In-conversation about digital health and Data Selves

In June 2019, I took part in an ‘in conversation’ event at King’s College London, organised by the Social Science & Urban Public Health Institute. The conversation was transcribed and published on the Institute’s website. They have kindly given permission for me to repost the content here. Thank you to Benjamin Henckel and Shayda Kashef for their work on this event and the post.

On 13th June 2019 the Social Science & Urban Public Health Institute (SUPHI) at King’s College London hosted a special in-conversation event with Professor Deborah Lupton. During the event Professor Lupton discussed her forthcoming book Data Selves, and reflected on the role that digital technologies are playing in the urban public health landscape.

Below is an edited version of the transcript from the event. Special thanks to sponsor, PLuS Alliance.

By Benjamin Hanckel and Shayda Kashef

What is digital health and where do you see the field at now?

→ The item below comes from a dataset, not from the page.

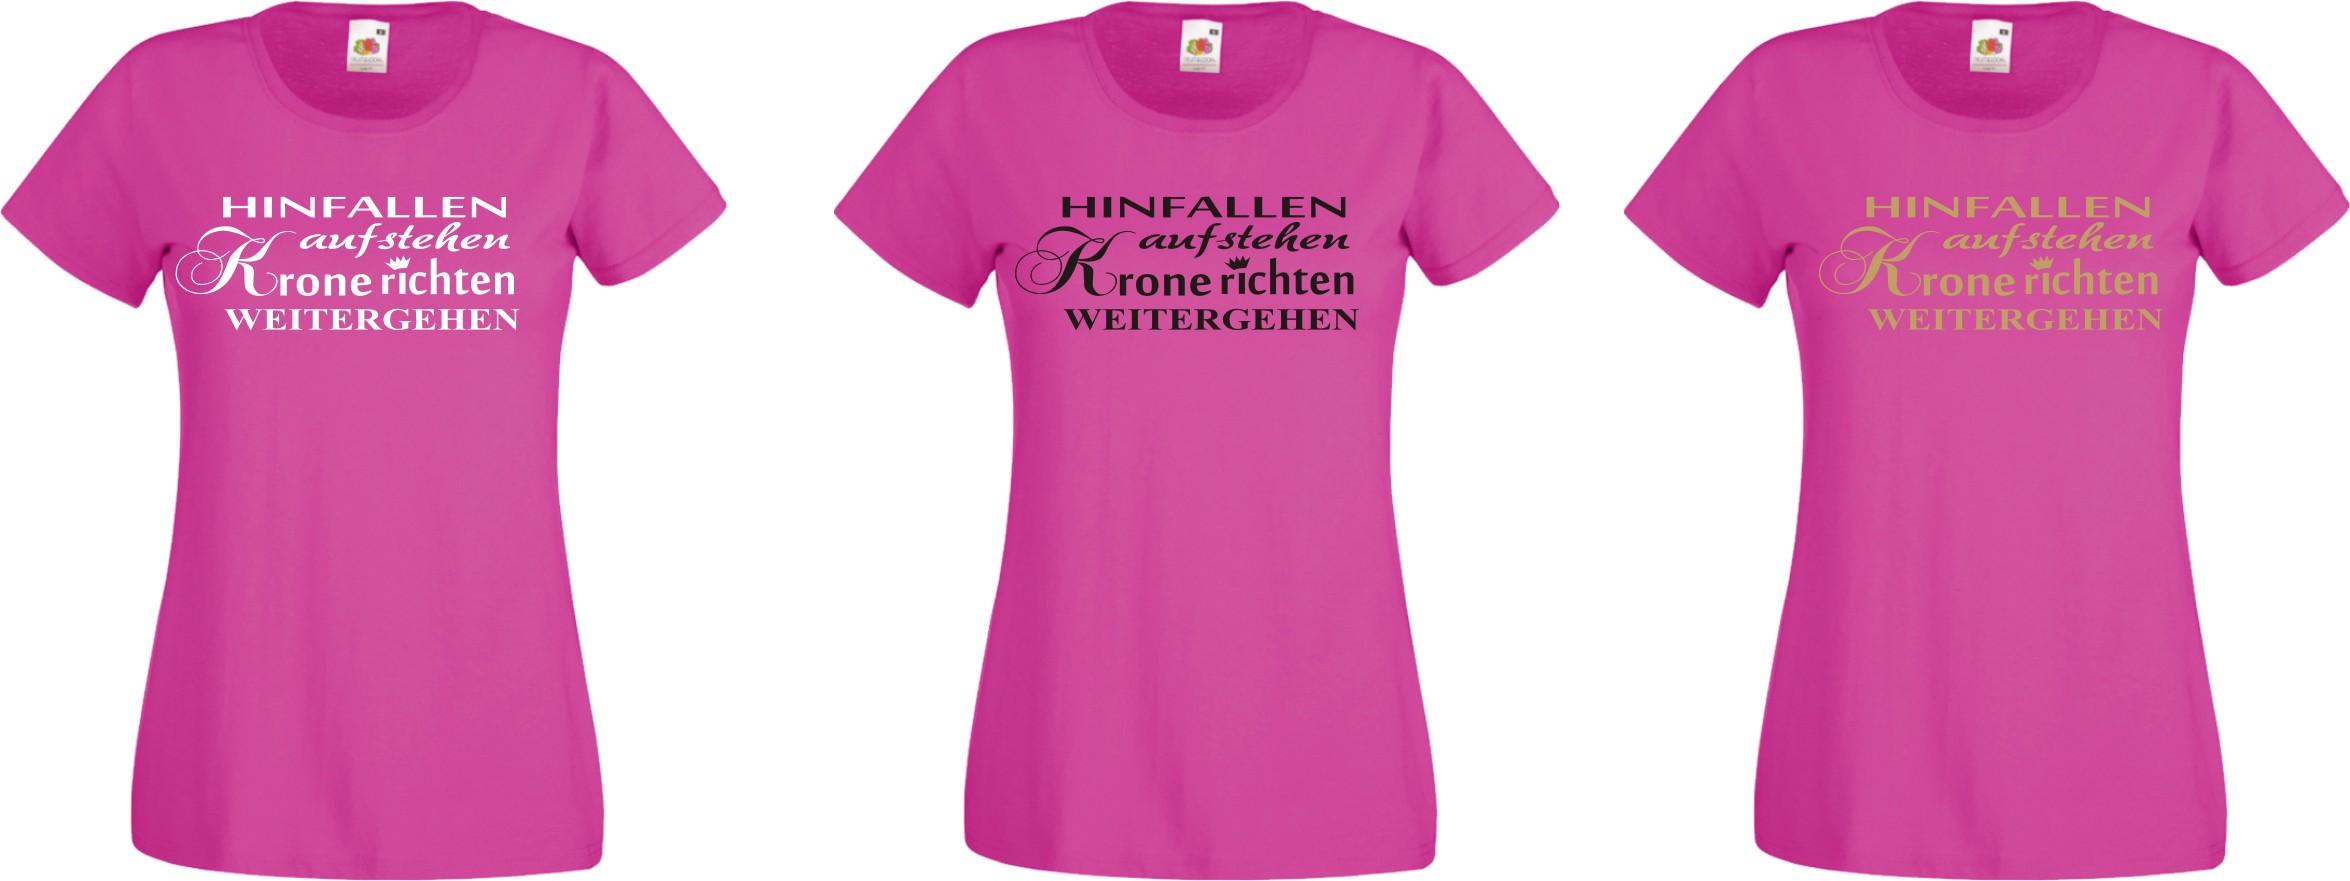 Hinfallen_aufstehen_pink_alle.jpg

Digital health is  a  short, snappy title to refer to the huge range of digital technologies that are used to apply to health, right through from older technologies such as websites, search engines, online discussion forums, through to things like 3D printing of body parts and apps and all those kinds of digital technologies that are quite new on the scene. So I think digital health for me encompasses that diverse range of ways that certain forms of healthcare and health communication can be digitised. And given that there are more and more of these technologies emerging, there’s never something I have to wonder writing about because there’s always something new on the horizon and it’s really interesting to  trace their trajectory and find how older technologies are often forgotten about. Google search is probably the number one most highly used digital health technology because people use it as a form of self-triage, and it’s interesting to me how those older technologies are often forgotten about in the rush and the excitement of the social imaginaries that represent newer technologies, such as apps and wearable devices, which is the brave new world of healthcare. People are often still getting much more value from websites and online discussion forums, for example, than they are getting from health apps.

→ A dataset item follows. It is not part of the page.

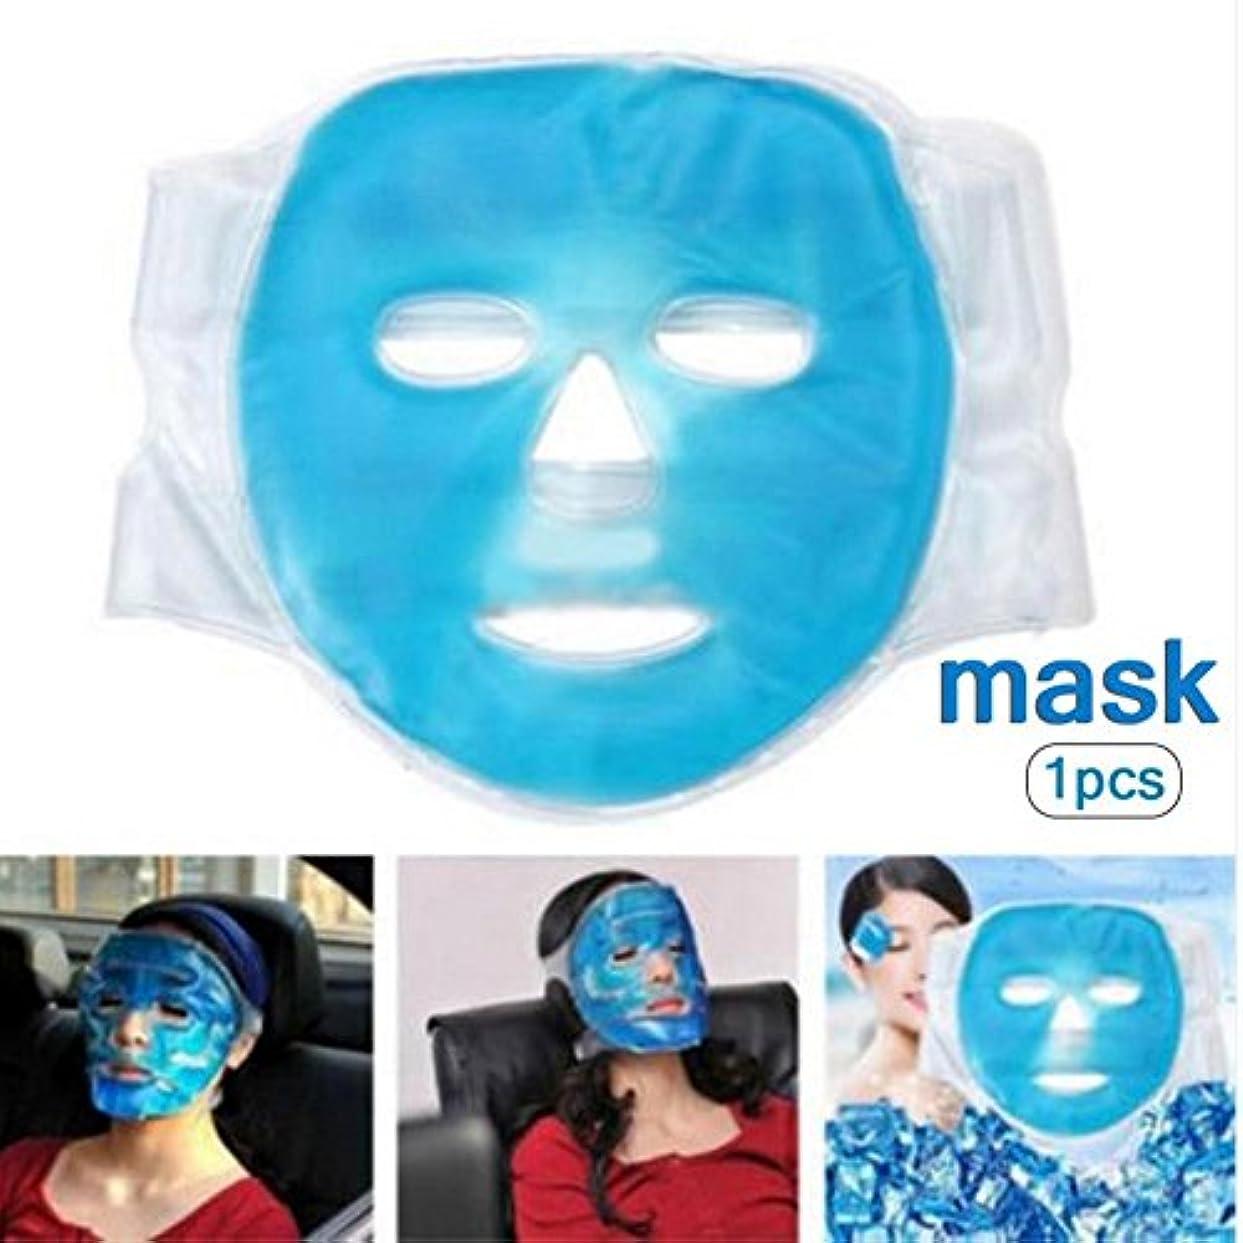 いらいらさせる二十オペレーターフェイスマスク 冷却マスク 美容マスク 冷温兼用 美容用 再利用可能 理学療法 毛細血管収縮 毛穴収縮 睡眠冷却 疲労緩和 肌ケア 保湿 吸収しやすい コールドパックホットパック 美容マッサージ アイスマスク (ブルー)

Putting this in the context of your current work, can you tell us about the Vitalities Lab you set up at the University of New South Wales and how it relates to digital health?

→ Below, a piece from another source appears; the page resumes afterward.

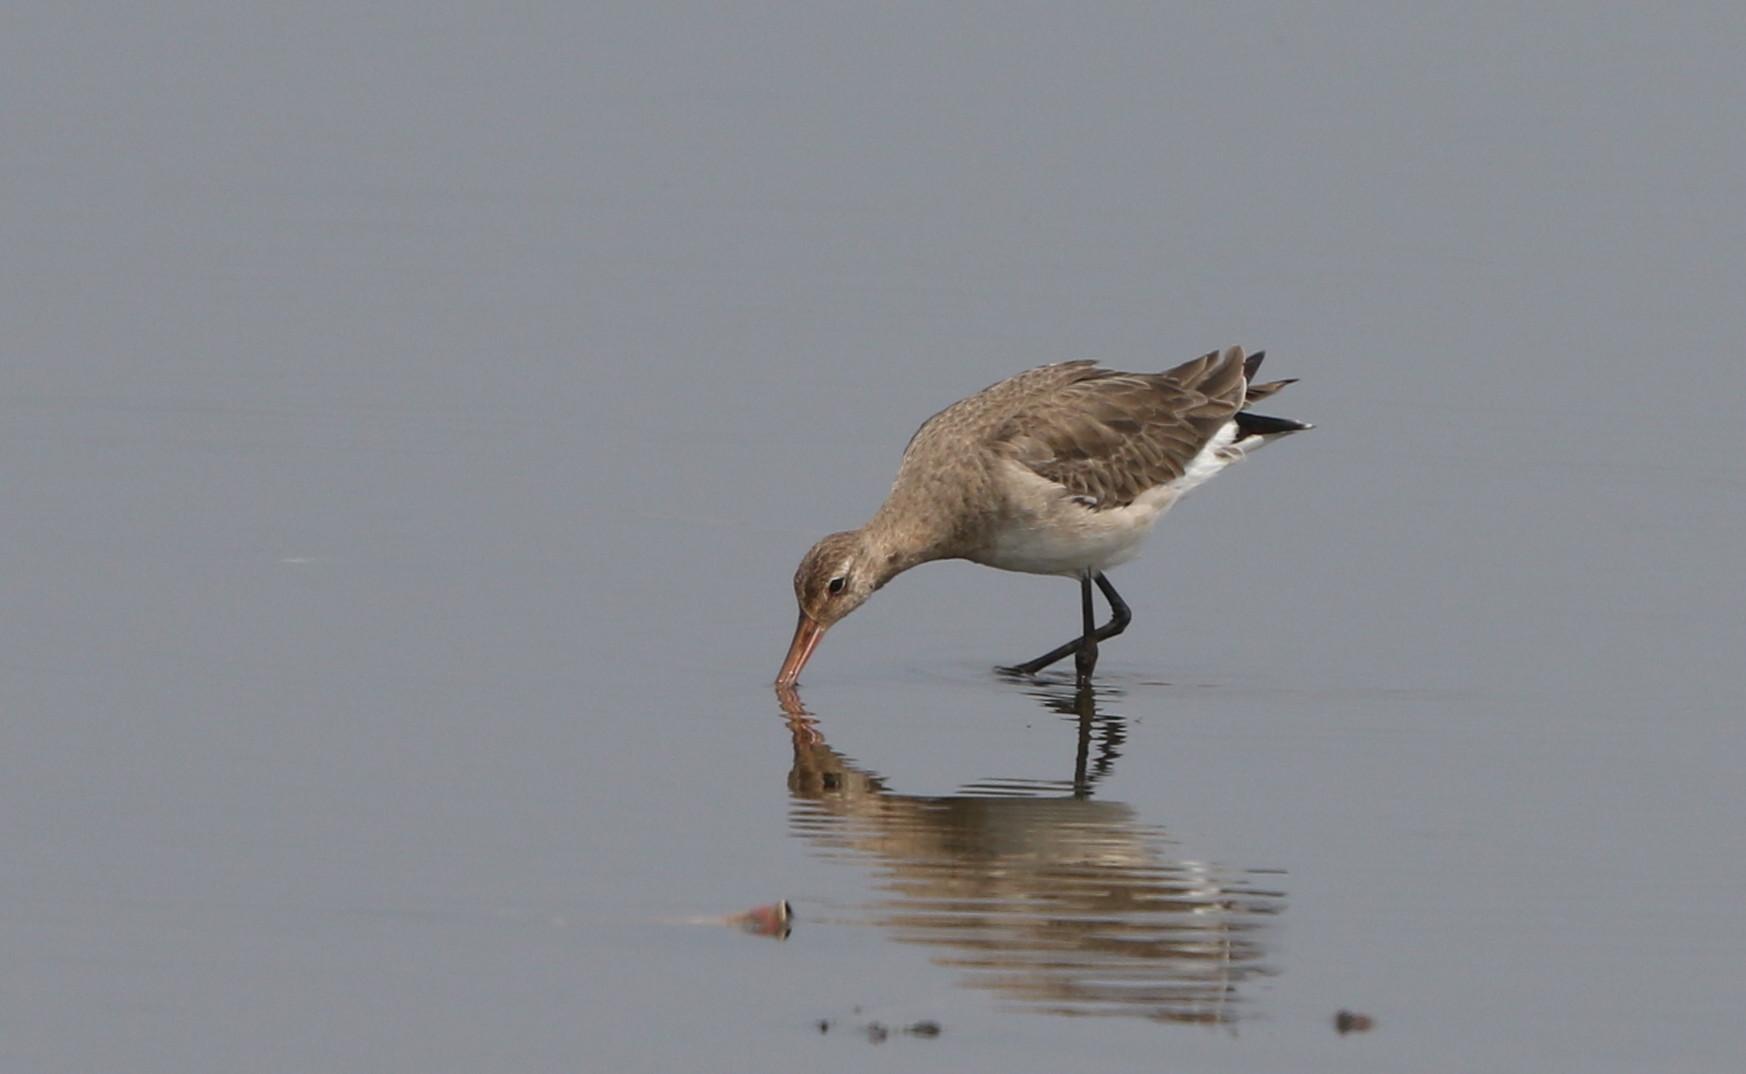 MFの沼でオグロシギを撮る_f0239515_21484256.jpg

I’ve been building on my previous interest in Foucauldian theory now to incorporate some perspectives from new materialisms and particularly feminist new materialisms and vital materialisms, as there’s an overlap between those two materialisms but they aren’t the same thing. I’ve only been at the University of New South Wales for four months but as part of my appointment I was encouraged to set up a research team. The name Vitalities is meant to denote the kinds of directions and interests that I have at the moment. So to begin with I’ve been writing a lot about ‘lively data’ over the past few years and that means people’s personal data and about the digital data economy and how digital data about people take on value. They are lively because people engage with data about their bodies and themselves in ways that synergistically change their own lives, they may respond to their own data and change aspects of their lives based on what their data are telling them. So that’s the notion of lively data.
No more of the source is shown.